UNITED STATES

SECURITIES AND EXCHANGE COMMISSION

WASHINGTON, DC 20549

 

 

FORM 8-K

 

 

Current Report

Pursuant to Section 13 or 15(d)

of the Securities Exchange Act of 1934

March 28, 2014

Date of Report (Date of earliest event reported)

 

 

SILVER SPRING NETWORKS, INC.

(Exact name of Registrant as specified in its charter)

 

 

 

Delaware   001-35828   43-1966972

(State or other jurisdiction

of incorporation)

 

(Commission

file number)

 

(I.R.S. Employer

Identification No.)

 

555 Broadway Street, Redwood City, CA   94063
(Address of principal executive offices)   (Zip Code)

(650) 839-4000

(Registrant’s telephone number, including area code)

Not Applicable

(Former name or former address, if changed since last report.)

 

 

Check the appropriate box below if the Form 8-K filing is intended to simultaneously satisfy the filing obligations of the registrant under any of the following provisions (see General Instruction A.2 below):

 

  ¨ Written communications pursuant to Rule 425 under the Securities Act (17 CFR 230.425)

 

  ¨ Soliciting material pursuant to Rule 14a-12 under the Exchange Act (17 CFR 240.14a-12)

 

  ¨ Pre-commencement communications pursuant to Rule 14d-2(b) under the Exchange Act (17 CFR 240.14d-2(b))

 

  ¨ Pre-commencement communications pursuant to Rule 13e-4(c) under the Exchange Act (17 CFR 240.13e-4(c))

 

 

 


Item 5.02 Departure of Directors or Certain Officers; Election of Directors; Appointment of Certain Officers; Compensatory Arrangements of Certain Officers

(e) On March 28, 2014, the Compensation Committee of the Board of Directors (the “Compensation Committee”) of Silver Spring Networks, Inc. (the “Company”) approved certain compensation actions for its executive officers, including Eric P. Dresselhuys, the Company’s Executive Vice President, Global Development, one of its named executive officers, which are required to be disclosed pursuant to this Item.
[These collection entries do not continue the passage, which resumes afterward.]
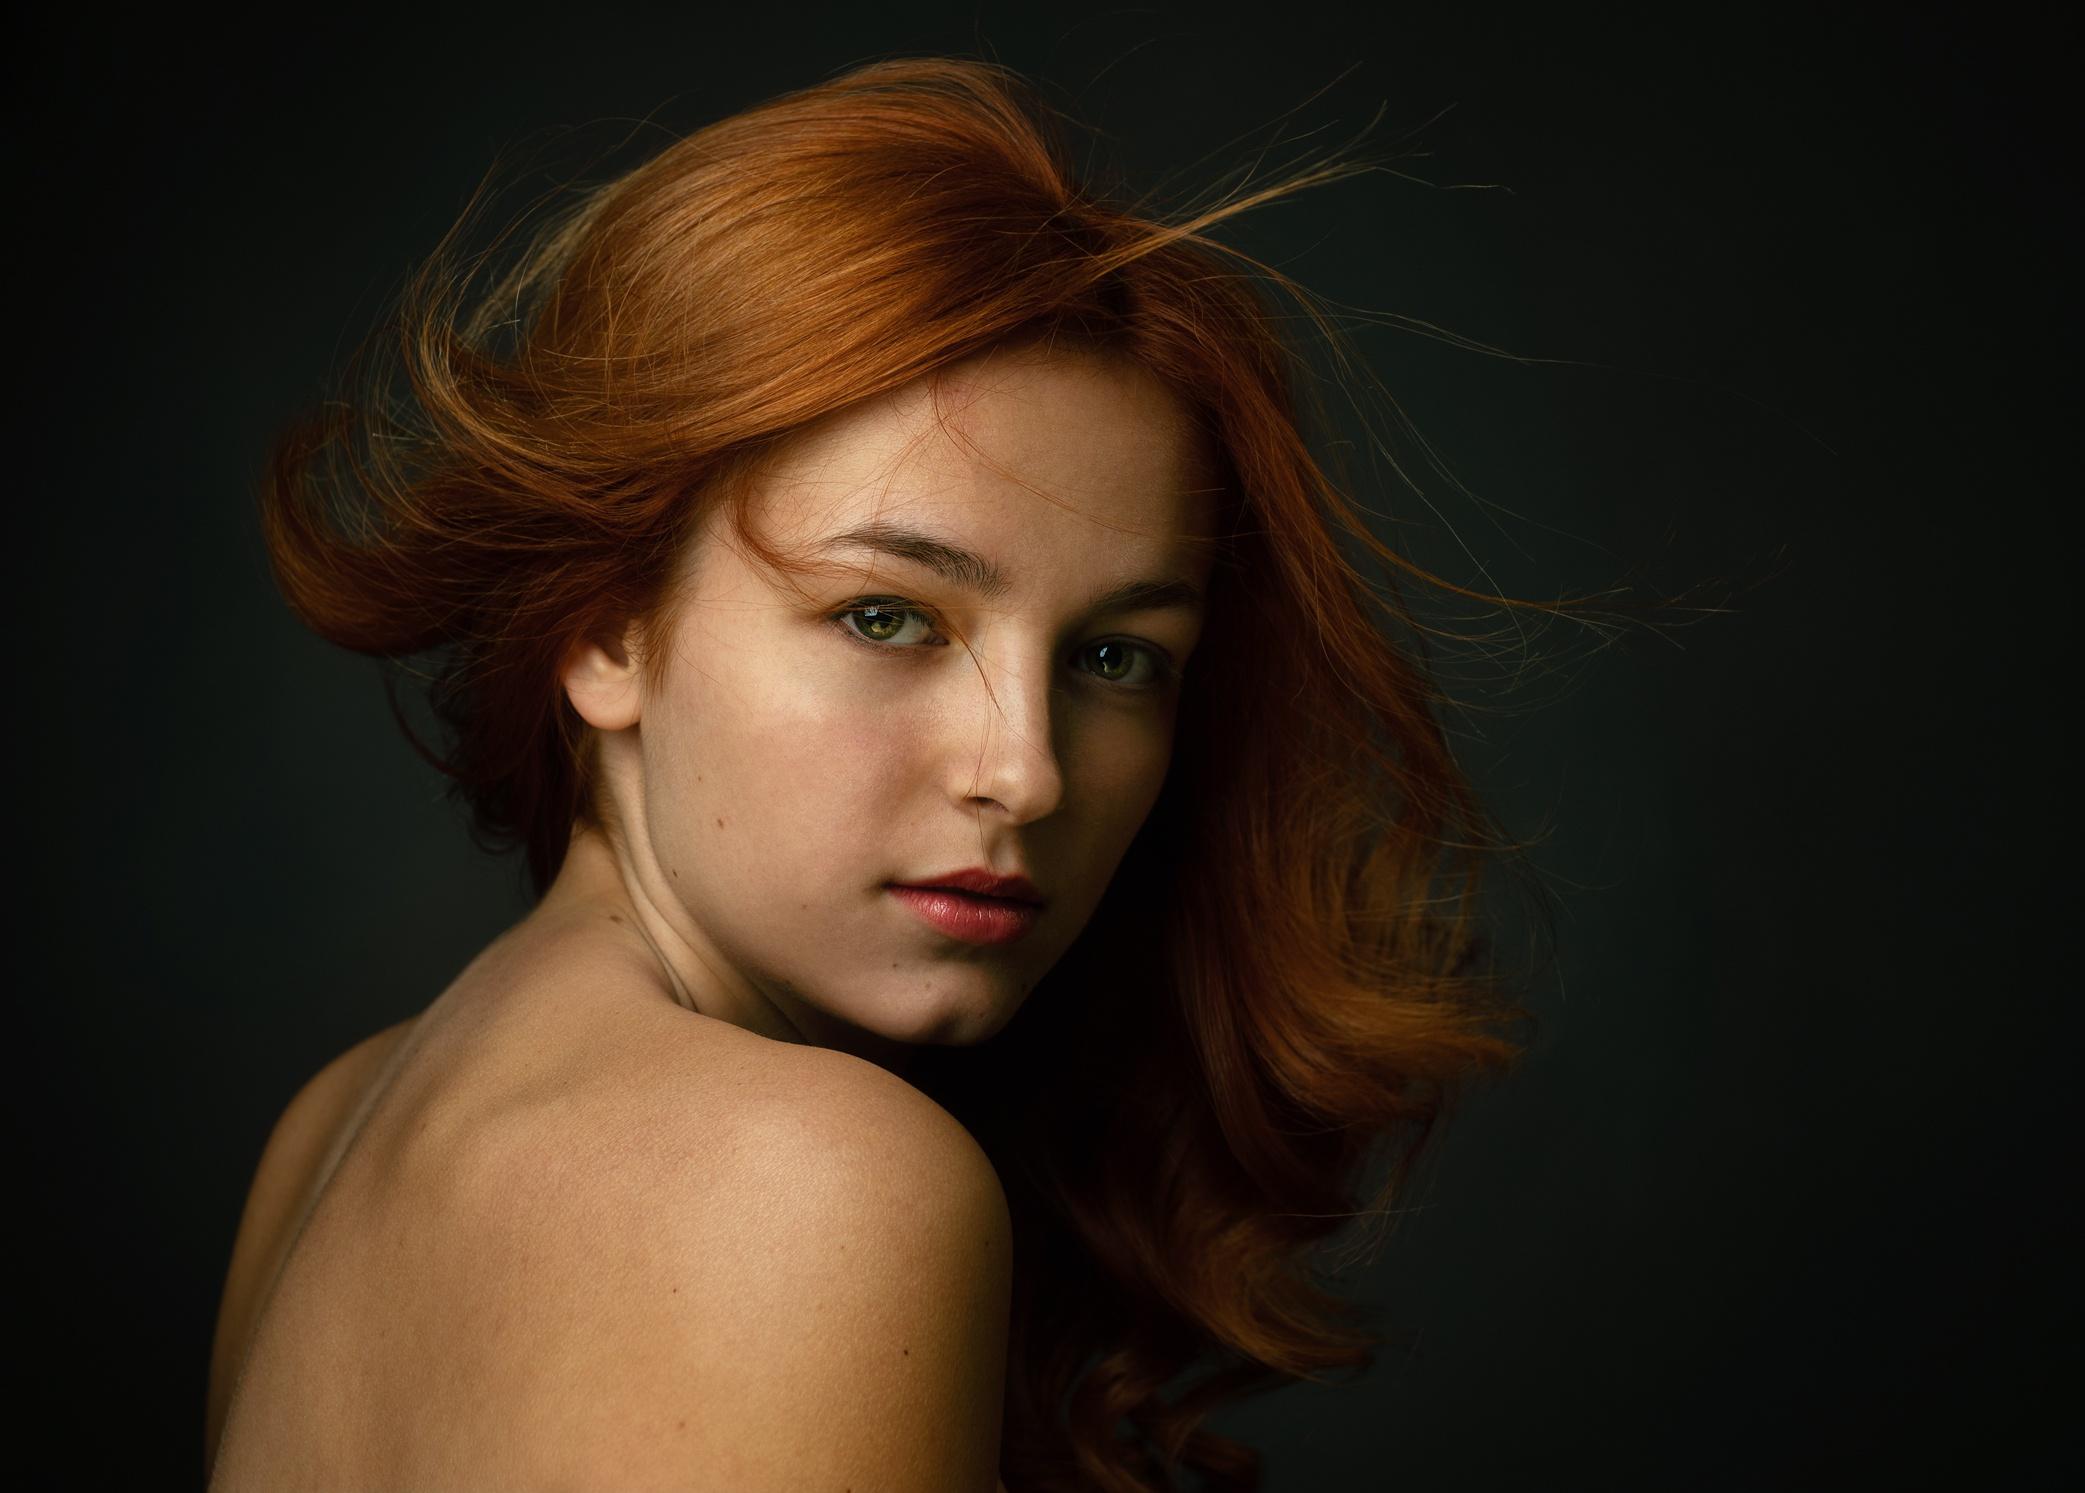 People 2085x1493 bare shoulders redhead portrait face simple background women model Zachar Rise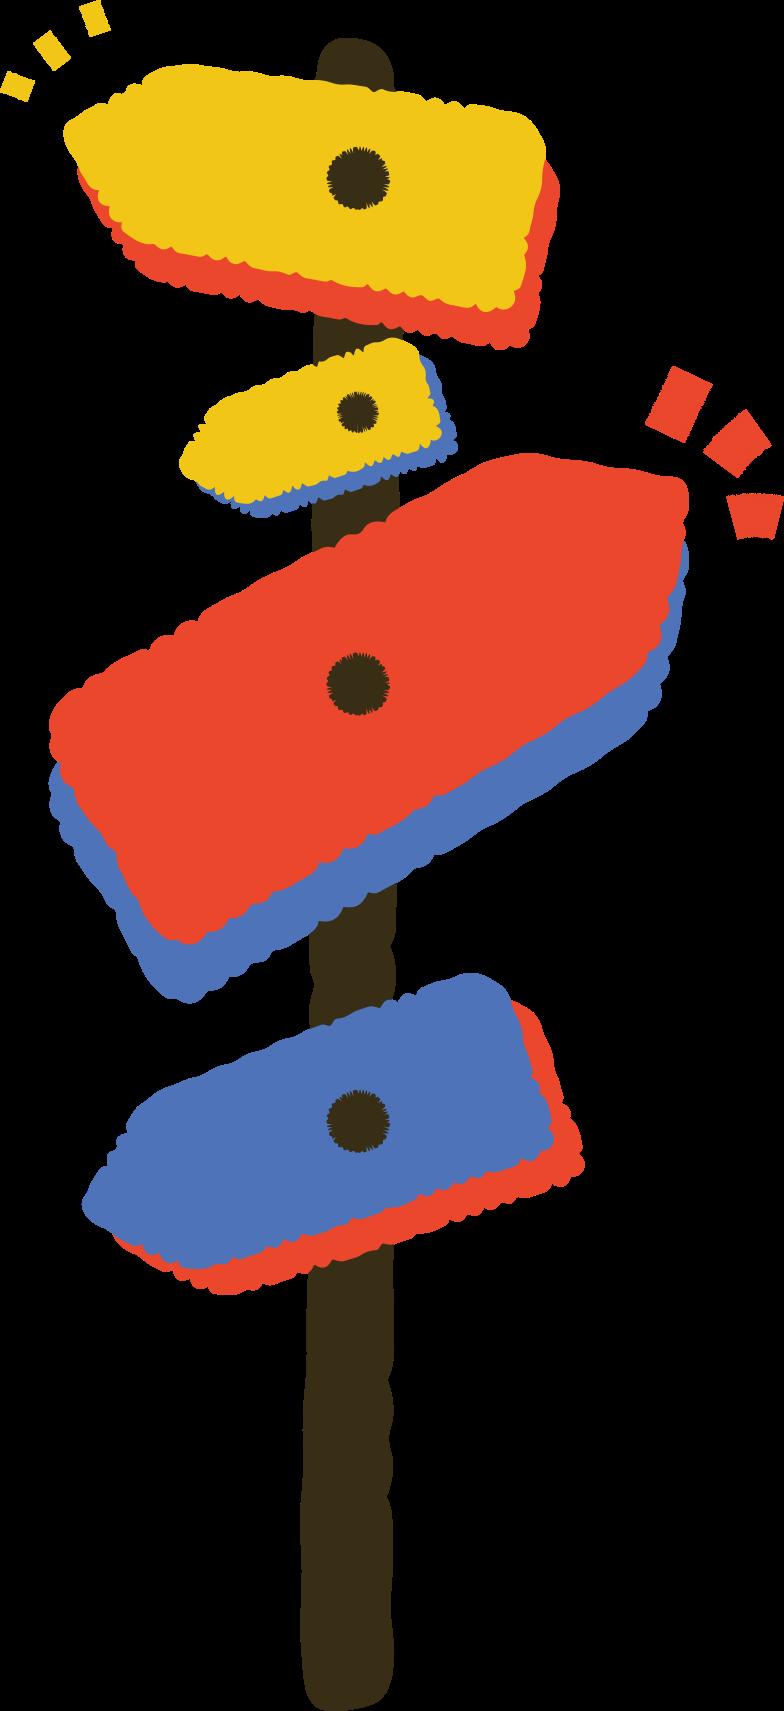 signpost Clipart illustration in PNG, SVG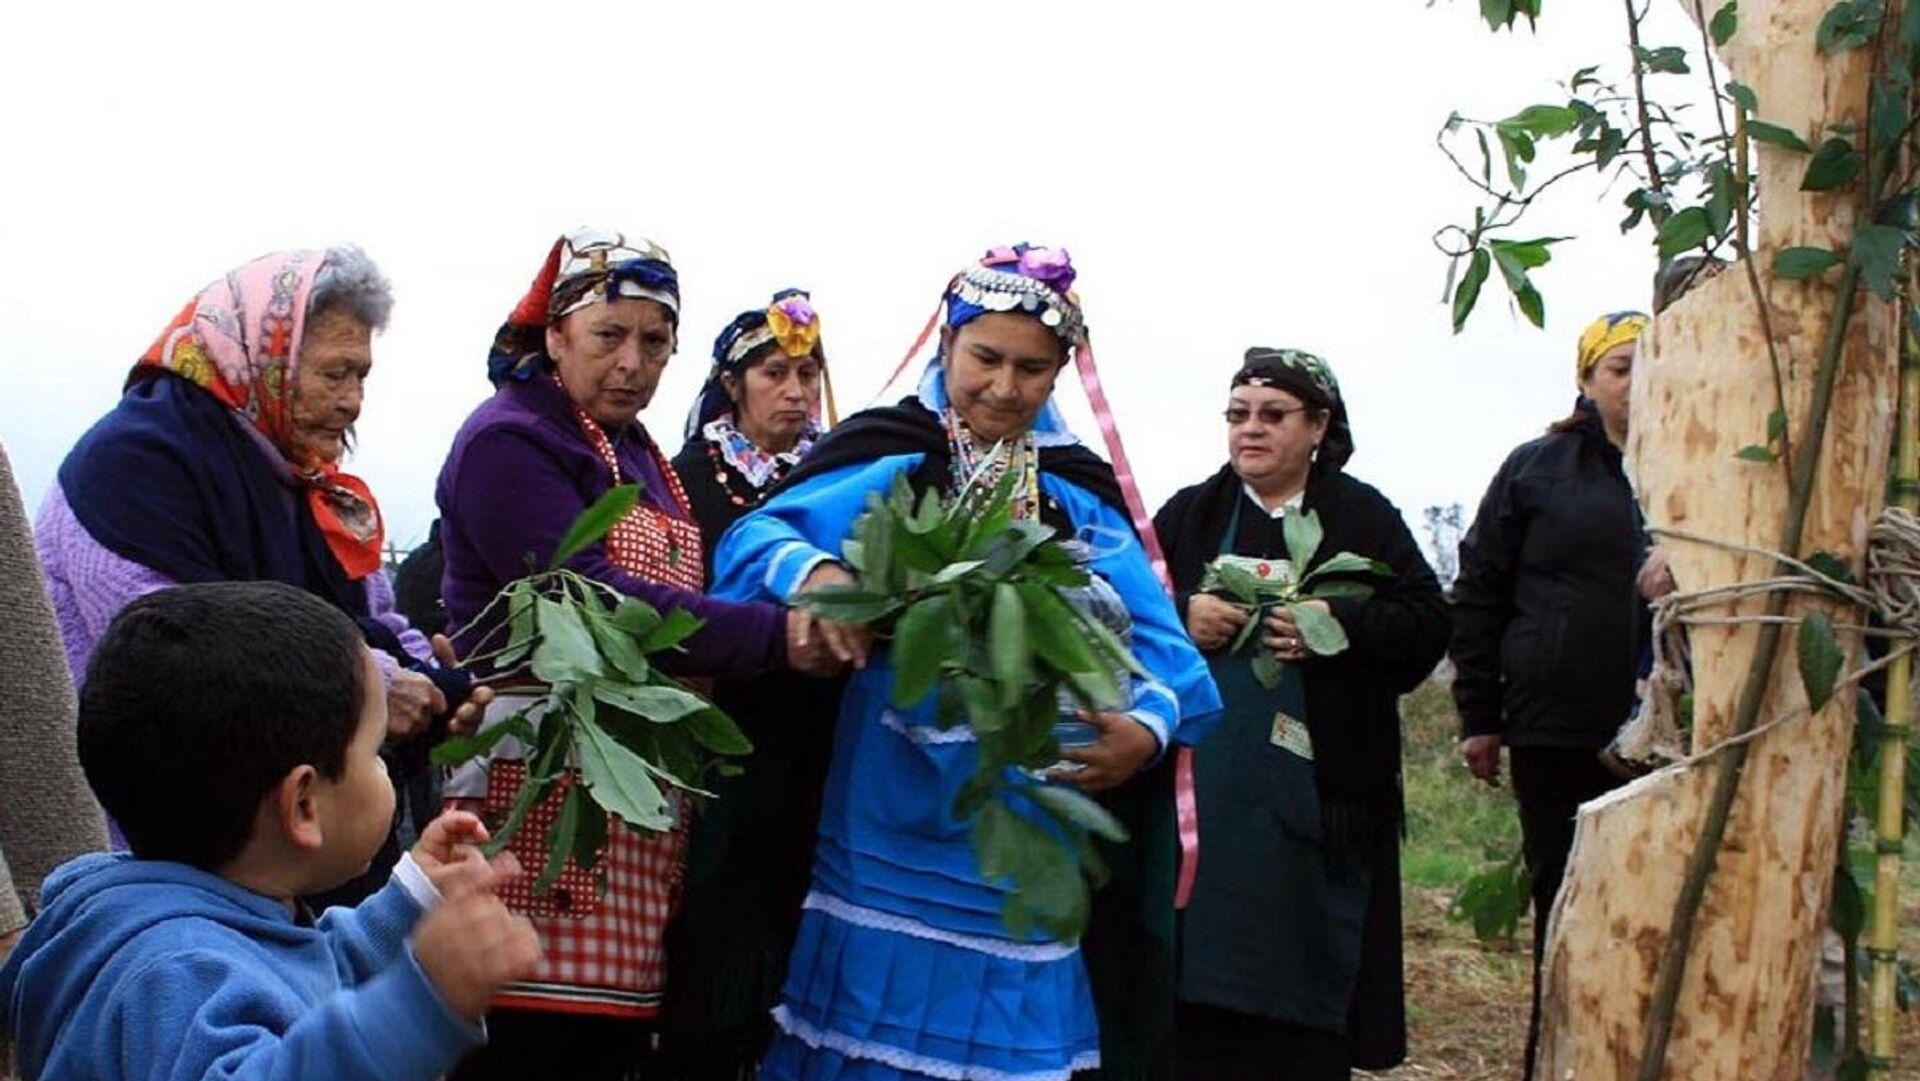 Ceremonia mapuche - Sputnik Mundo, 1920, 14.04.2021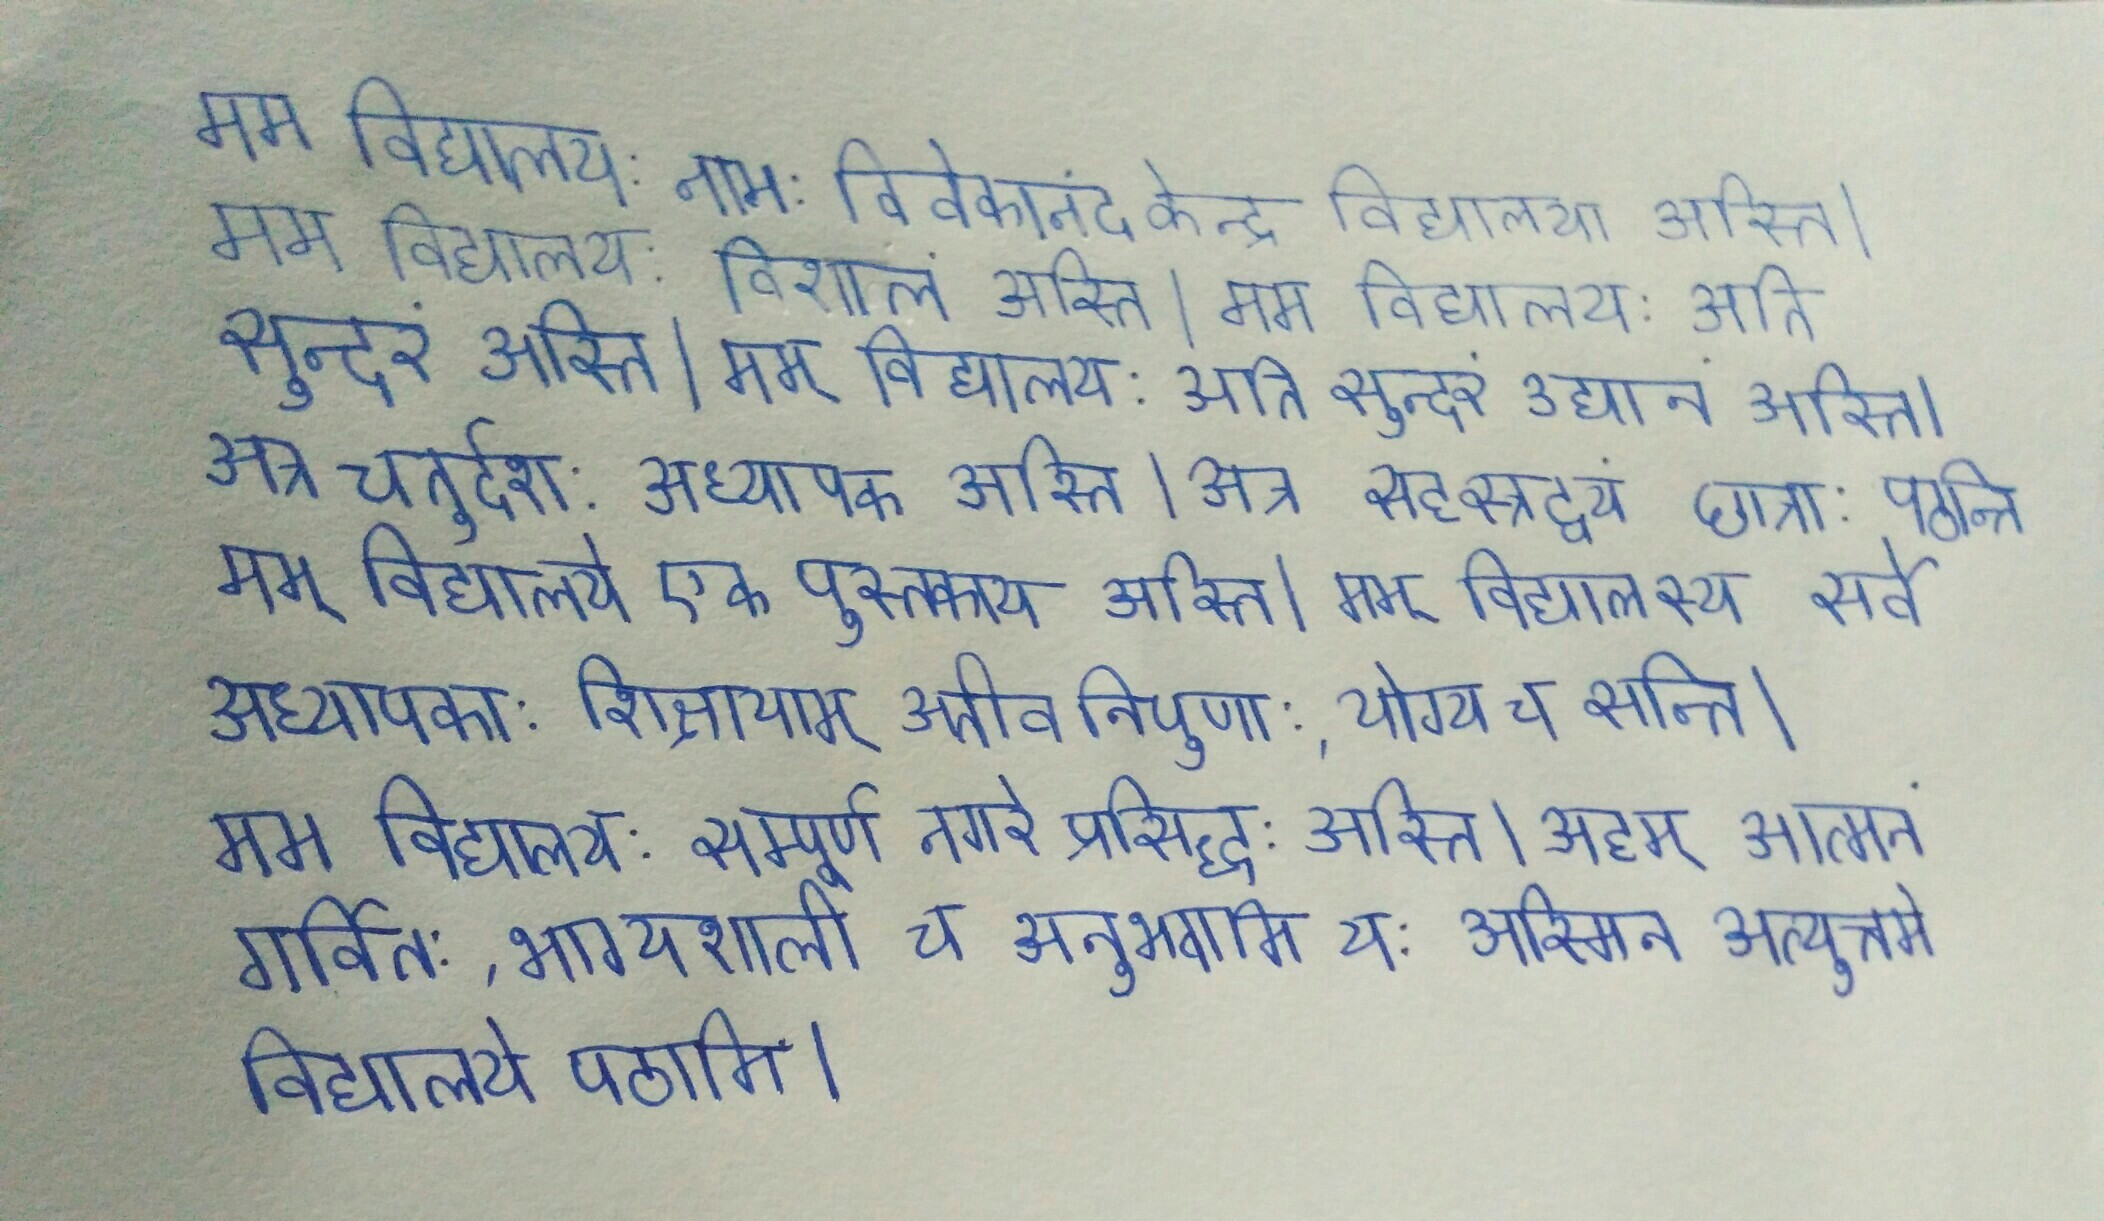 School Par Essay In Sanskrit - Write essay on my school in

Other compensation actions for Mr. Dresselhuys and the Company’s other named executive officers were made pursuant to previously disclosed plans and are not required to be disclosed under this Item.

Award Pursuant to 2013 Sales Incentive Plan

The Compensation Committee approved a cash incentive payment to Mr. Dresselhuys, under the Company’s 2013 Sales Incentive Compensation Plan (the “2013 Sales Plan”). The 2013 Sales Plan provides guidelines and eligibility for awards in amounts based on individual or sales team achievement of target performance goals, including non-GAAP revenue (billings) and bookings. Awards to participating executive officers under the 2013 Sales Plan were subject to the approval of the Compensation Committee. Under the 2013 Sales Plan, Mr. Dresselhuys was eligible to receive an incentive payment ranging from 50% to 125% of a target amount of $220,000 upon achievement of certain non-GAAP revenue (billings) and bookings performance goals, with each metric assigned a 50% weight. The Committee approved an award of $133,307 under the 2013 Sales Plan.

2014 Sales Incentive Plan

The Compensation Committee also approved the target performance goals for Mr. Dresselhuys under the Company’s 2014 Sales Incentive Plan (the “2014 Sales Plan”). The 2014 Sales Plan provides guidelines and eligibility for awards in amounts based on individual or sales team achievement of target performance goals, including non-GAAP revenue (billings) and bookings. The 2014 Sales Plan covers the 12-month period ending December 31, 2014 (the “Plan Period”). For executive officers participating in the 2014 Sales Plan, the Compensation Committee selects the specific performance goals, and the relative weighting of the performance goals, for the Plan Period, in accordance with the guidelines set forth in the 2014 Sales Plan. The Compensation Committee also establishes minimum thresholds for the performance goals during the Plan Period that must be exceeded before an award is earned by an executive officer. Awards to participating executive officers under the 2014 Sales Plan are subject to the approval of the Compensation Committee.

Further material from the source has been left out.